Six previously healthy medical volunteers are now in hospital after taking part in the botched drug test at a private clinic in western France, the Health Ministry said.

The drug trial, which was testing a new painkiller compound, involved 90 healthy volunteers who were given the experimental drug in varying doses, France's health minister Marisol Touraine told a news conference in Rennes.

Professor Edan said there is no known antidote to the experimental drug.

The prosecutor's office has opened an investigation into what Ms Touraine called "an accident of exceptional gravity ... without precedence" in France at the Biotrial lab in Rennes.

The six men in hospital, aged between 28 and 49, were healthy when the trial began on 7 January, Ms Touraine said, adding that one man now classified as brain-dead was admitted to Rennes Hospital on Sunday.

Biotrial, a research company for the reported drug manufacturers, Bial, have defended their drugs safety testing record following the incident.
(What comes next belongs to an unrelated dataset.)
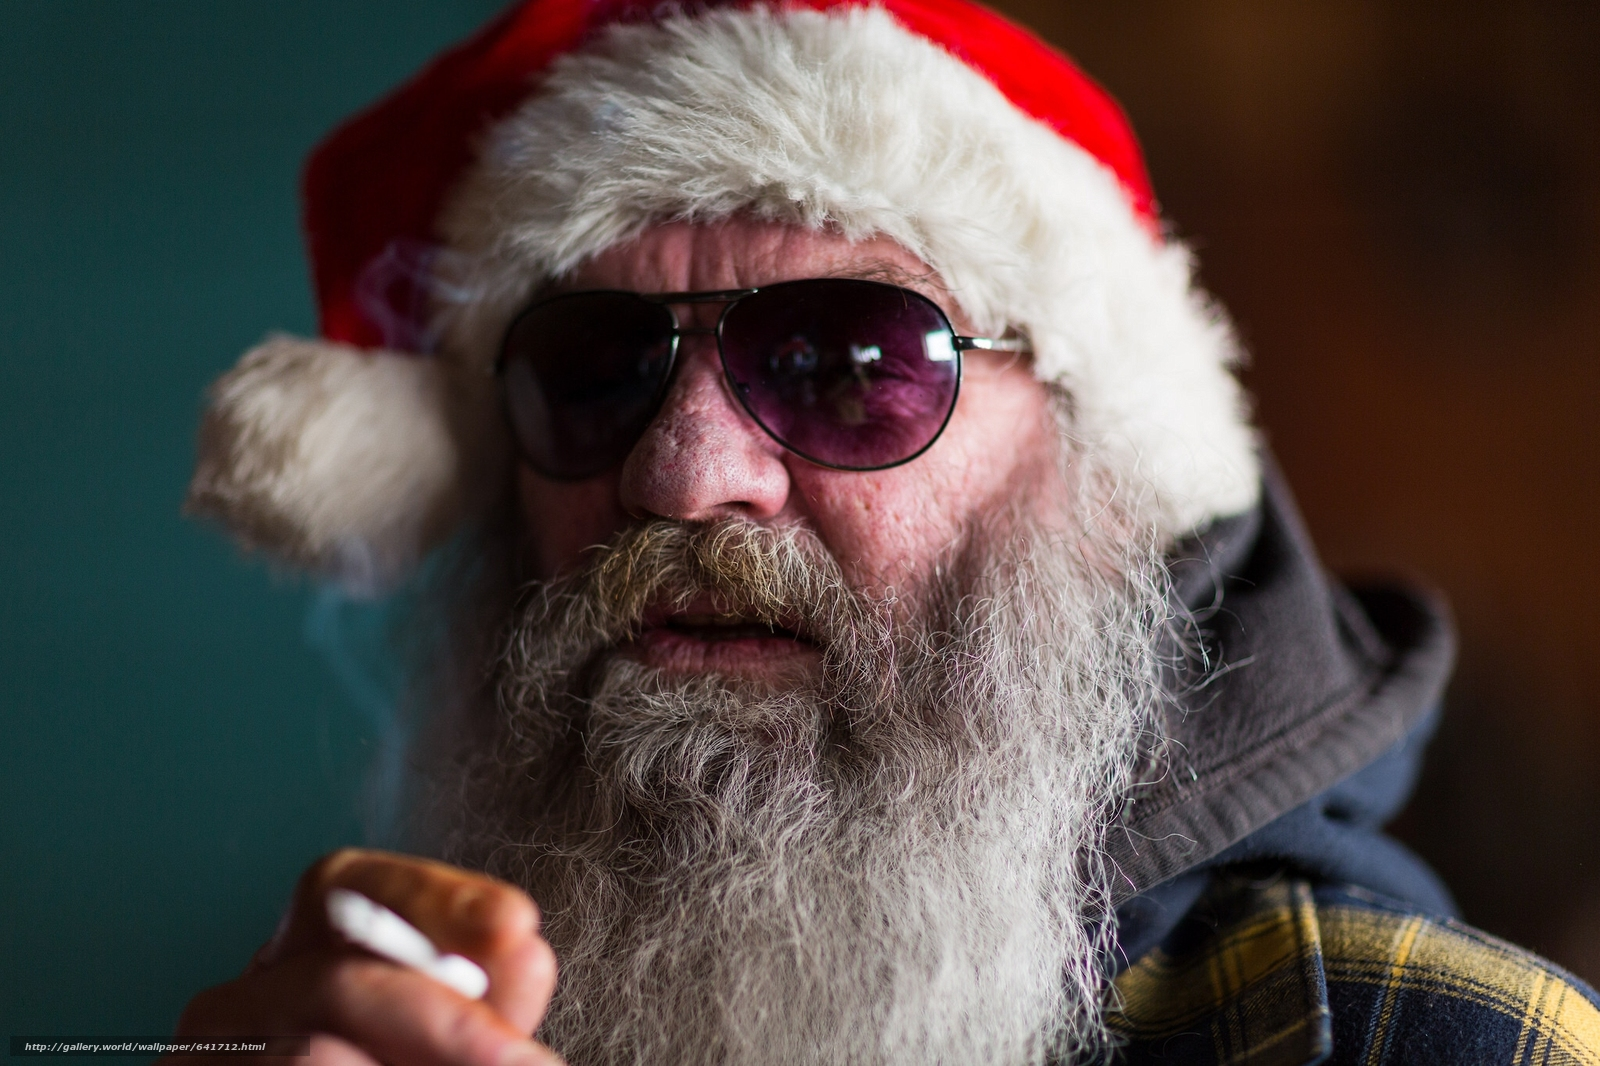 pobra tapety Święty Mikołaj,  broda,  okulary,  czapka Darmowe tapety na pulpit rozdzielczoci 2048x1365 — zdjcie №641712

A spokesperson for Biotrial said it was being conducted in “full compliance with international regulations” and its own procedures, which includes health monitoring.

The drug was based on a natural brain compound similar to the active ingredient in marijuana, Professor Eden confirmed.

Ms Touraine said the medication was not based on cannabis, as some media reports claimed. She urged calm, saying that no drug on the market was implicated in the failed trial. She said the drug was produced by the Portuguese pharmaceutical company Bial.

All the other volunteers are being contacted, Ms Touraine said.